An appeal from an order of the Judge of Compensation Claims.
W. James Condry, II, Judge.
Date of Accident: September 4, 2013.
Charles H. Leo of Charles H. Leo, P.A., Orlando, and Richard W. Ervin, III, of Fox
& Loquasto, P.A., Tallahassee, for Appellant.
Justin R. Crum of the Law Office of Jack D. Evans, Orlando, and Steven H. Preston
of Hicks, Porter, Ebenfeld & Stein, P.A., Miami, for Appellees.
RAY, J.
In this workers’ compensation case, Claimant appeals a ruling of the Judge of
Compensation Claims (JCC) that denies him temporary indemnity benefits.

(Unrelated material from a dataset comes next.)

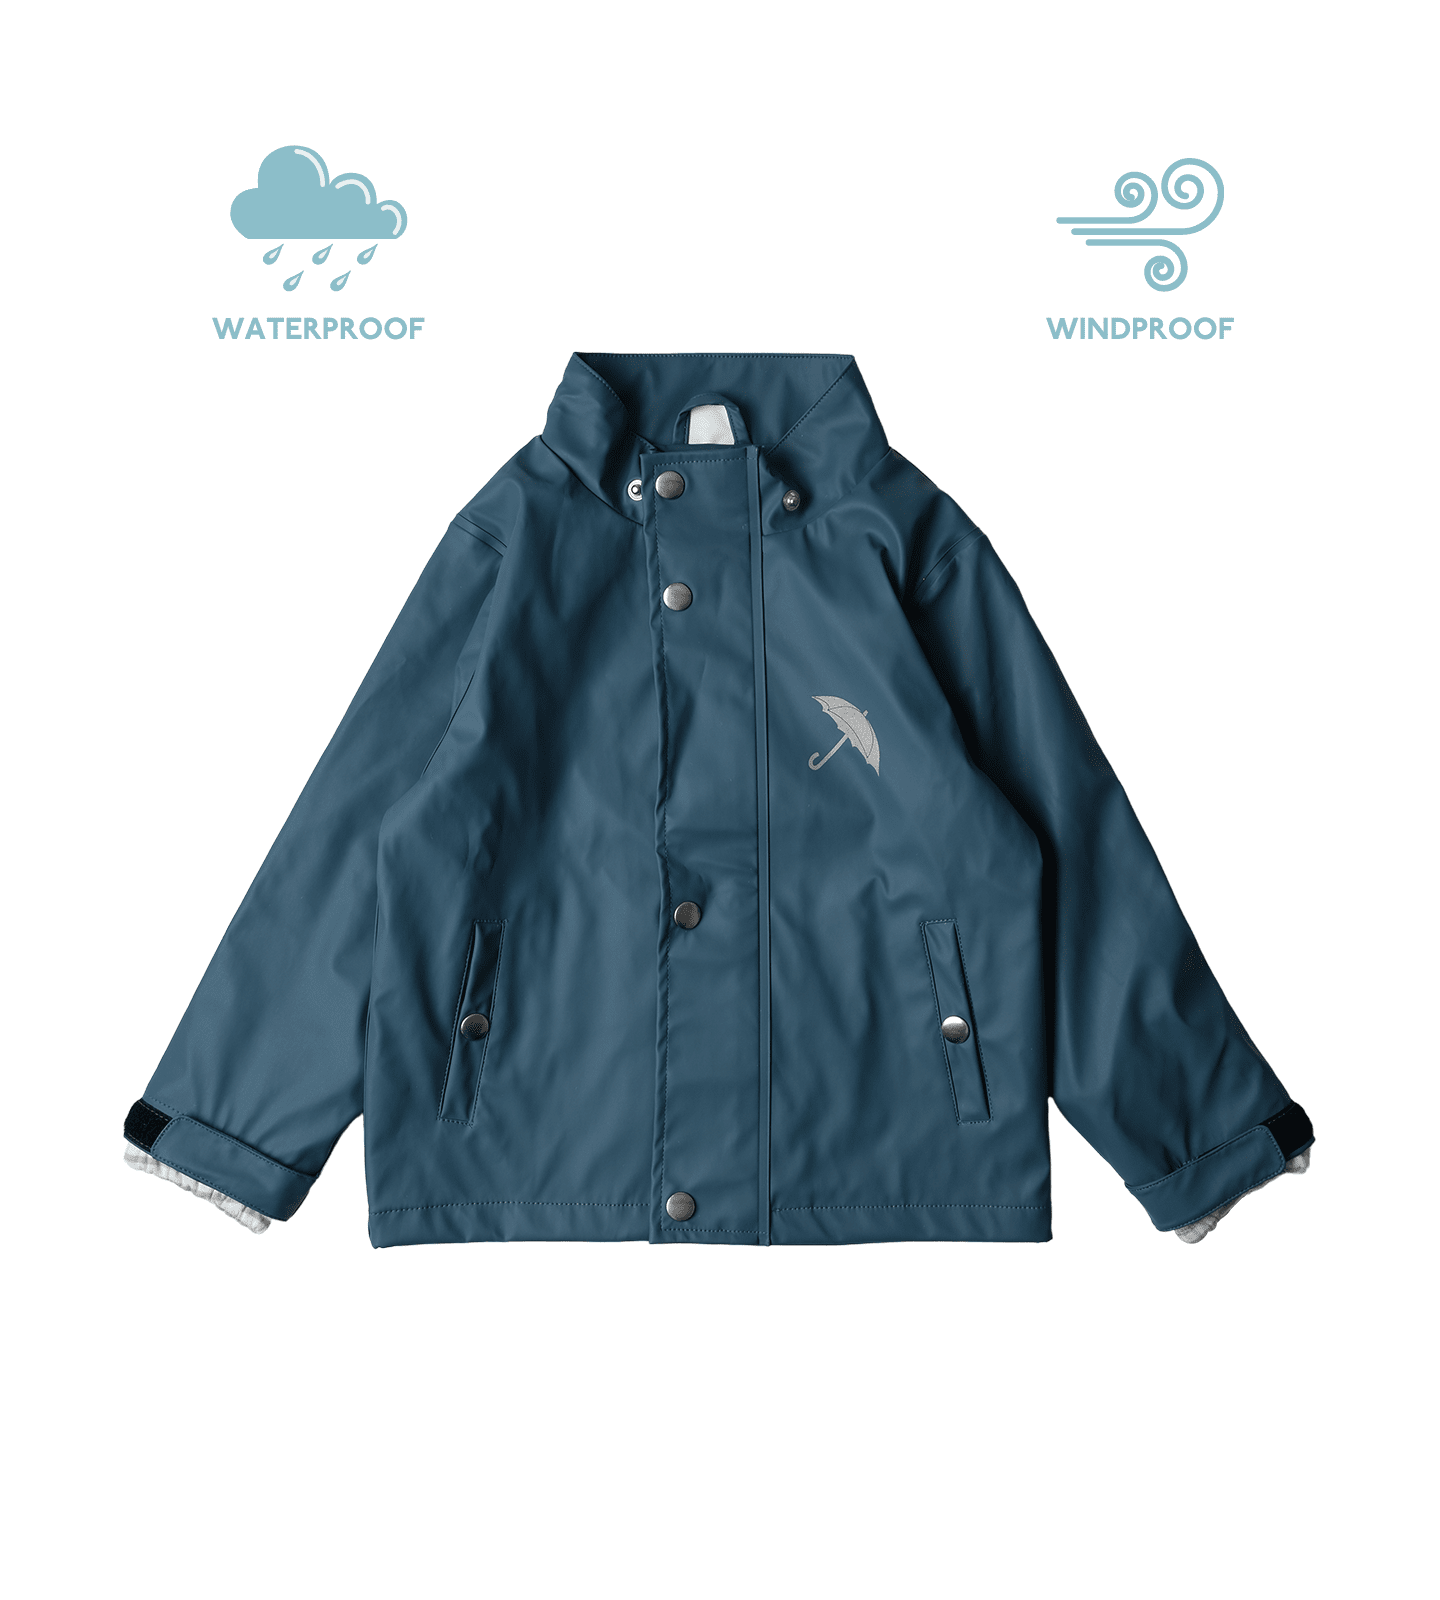 Waterproof Raincoat - Brolly Sheets NZ

Claimant’s first point on appeal takes issue with the doctor’s assignment of
maximum medical improvement, and his third point on appeal disputes the ruling on
penalties, interest, costs, and attorney’s fees; we affirm with respect to these
arguments, without further comment.
Claimant’s second point on appeal lodges a constitutional challenge to
subparagraph 440.15(3)(g)1., Florida Statutes (2013), specifically asserting that it
violates his right of access to courts, guaranteed him by Article I, section 21 of the
Florida Constitution. On this point, we hold Claimant lacks standing because he
failed to demonstrate “an injury which is both real and immediate, not conjectural
or hypothetical.” Montgomery v. Dep’t of Health & Rehab. Servs., 468 So. 2d 1014,
1016 (Fla. 1st DCA 1985).
Subparagraph 440.15(3)(g)1. permits an award of impairment benefits to an
injured worker with a permanent impairment rating, to begin the date after the
injured worker reaches maximum medical improvement. But Claimant did not ask
the JCC to award any additional impairment benefits during the proceedings below
and, thus, was not denied such benefits; therefore, Claimant has not demonstrated a
“real and immediate” injury to himself on this record. See Punsky v. Clay Cty. Bd.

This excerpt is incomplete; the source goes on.